Solving Equation of Spheroid for Prolate & Oblate

[Amith2006]

Homework Statement

I have a doubt on spheroid equations. A prolate spheroid is obtained by rotating the ellipse,
X^2/a^2 + Y^2/b^2 = 1 {Here a is major axis}
about the semi-major axis a(i.e. X axis). Its equation is,
X^2/a^2 + [Y^2+Z^2]/b^2 = 1
An oblate spheroid is obtained by rotating the ellipse,
X^2/a^2 + Y^2/b^2 = 1 {Here b is major axis}
about the semi-minor axis a(i.e. X axis).Its equation is,
X^2/a^2 + [Y^2+Z^2]/b^2 = 1
The problem is that both equations are identical. What I have done is that I have taken ‘a’ always along X axis and ‘b’ always along Y axis. Is it necessary that the equations be distinguishable?

Homework Equations

X^2/a^2 + Y^2/b^2 = 1

The Attempt at a Solution

In order distinguish between the two, I will have to take ‘a’ along Y axis for one of them. Suppose I take ‘a’ along the Y axis for oblate spheroid case, the equation of the oblate spheroid is got by rotating the ellipse,
X^2/b^2 + Y^2/a^2 = 1
about the semi-minor axis ‘b’(i.e. X axis).Its equation is,
X^2/b^2 + [Y^2+Z^2]/a^2 = 1
Another way is to rotate the ellipse,
X^2/a^2 + Y^2/b^2 = 1 {Here a is major axis}
first along X axis(i.e. ‘a’) for prolate spheroid in which case the equation becomes,
X^2/a^2 + [Y^2+Z^2]/b^2 = 1
And then along Y axis(i.e. ‘b’) for oblate spheroid in which case the equation becomes,
[X^2+Z^2]/a^2 + Y^2/b^2 = 1 {Here b is major axis}

Is there a better way to this? Please help.

 

[jambaugh]

Start with the general ellipsoid:
\left(\frac{x}{a}\right)^2+\left(\frac{y}{b}\right)^2+\left(\frac{z}{c}\right)^2 = 1

if it is rotationally symmetric around anyone principle axis the the (a,b,c) coefficients for the other two must be equal. Example: if you have rotational symmetry about x then b=c. Further in this example if a is much bigger than b=c then the ellipsoid is cigar shaped. If a is much smaller than b=c then it is "cow-pie" shaped.

Regards,
J. Baugh

 

[Amith2006]

Further in this example if a is much bigger than b=c then the ellipsoid is cigar shaped. If a is much smaller than b=c then it is "cow-pie" shaped.

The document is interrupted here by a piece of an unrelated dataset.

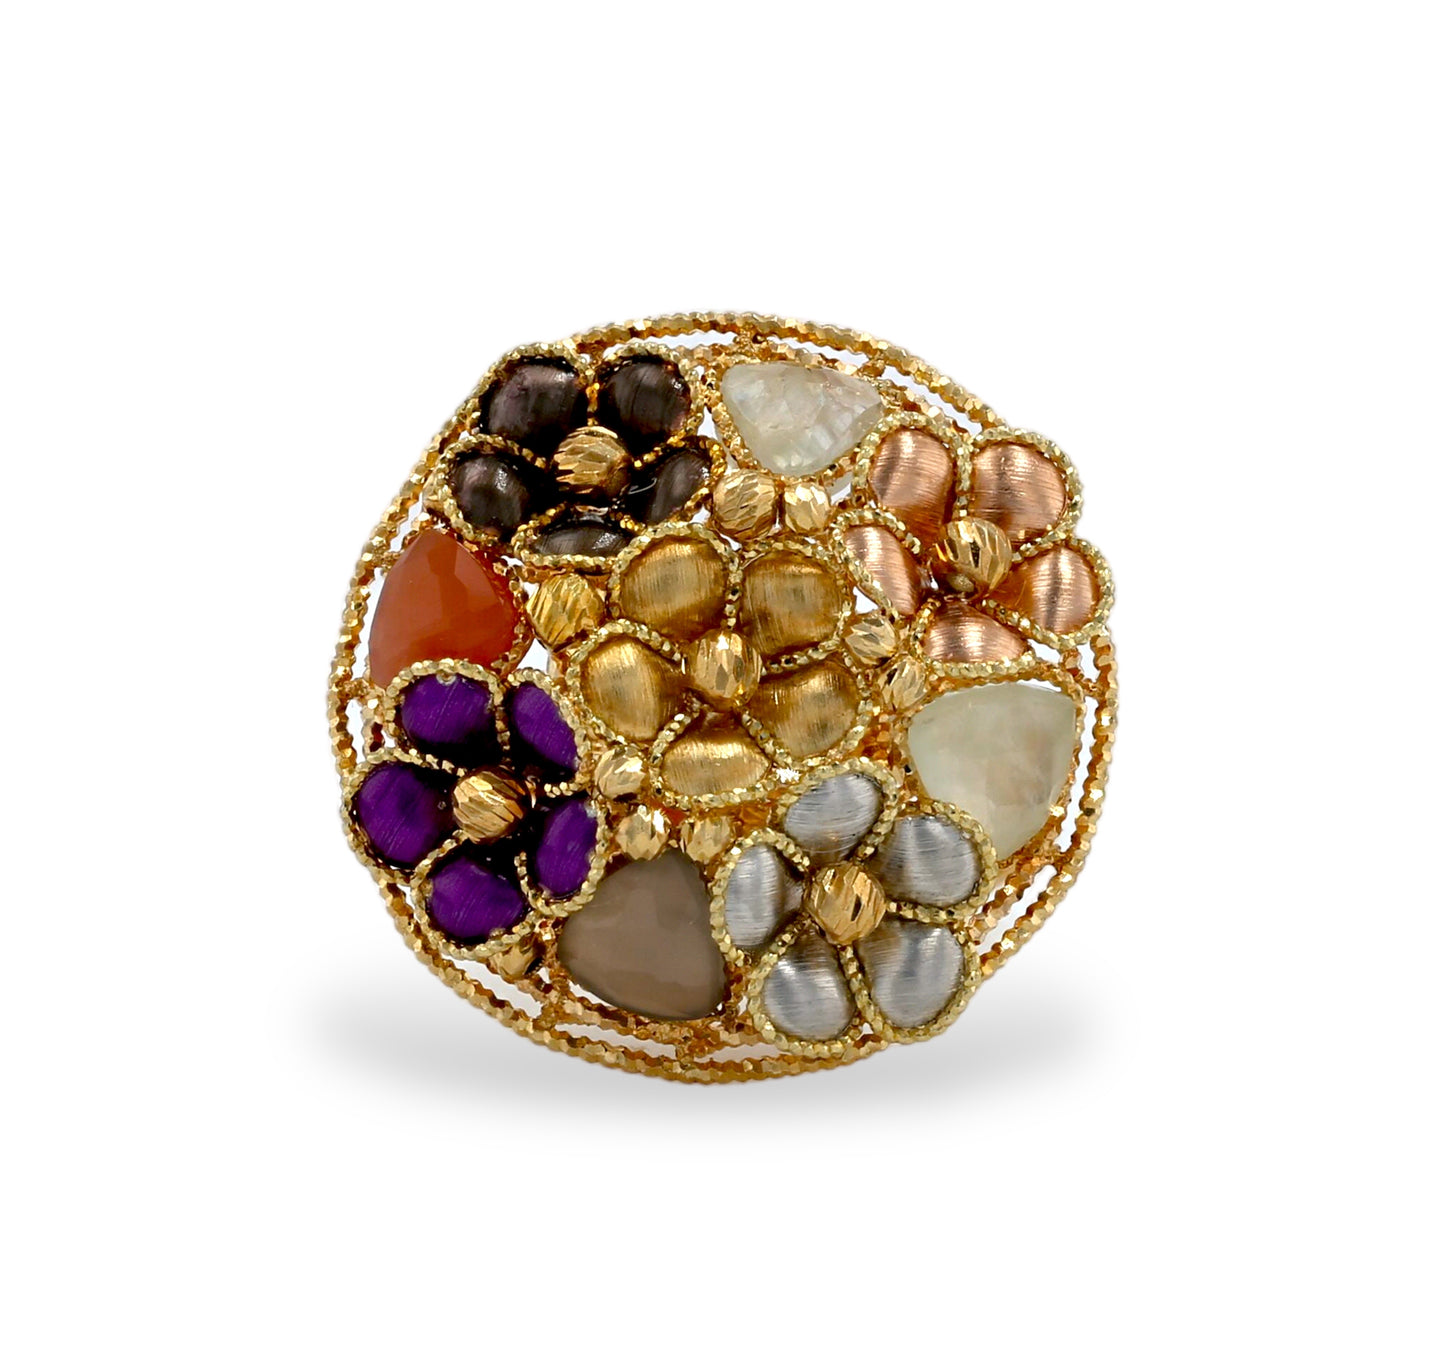 Gold 14k designer cup flower ring

Could you please say what are the shapes of Cigar and Cow-pie in this context?

 

[jambaugh]

Could you please say what are the shapes of Cigar and Cow-pie in this context?

Sure, take a highly eccentric ellipse. Rotate about the long axis and you have an ellipsoid that is long and cylindrical like a tapered cigar.

Take the same ellipse and rotate about the short axis and you have a tapered disk shaped ellipsoid, like the shape of a discus used in track-n-field events or like the pile of defecant a cow leaves behind.

Regards,
James Baugh

 

[Amith2006]

So, the equation of prolate spheroid is,
X^2/a^2 + [Y^2+Z^2]/b^2 = 1
for a>b=c
and the equation of oblate spheroid is also,
X^2/a^2 + [Y^2+Z^2]/b^2 = 1
but here a<b=c. I that what u meant?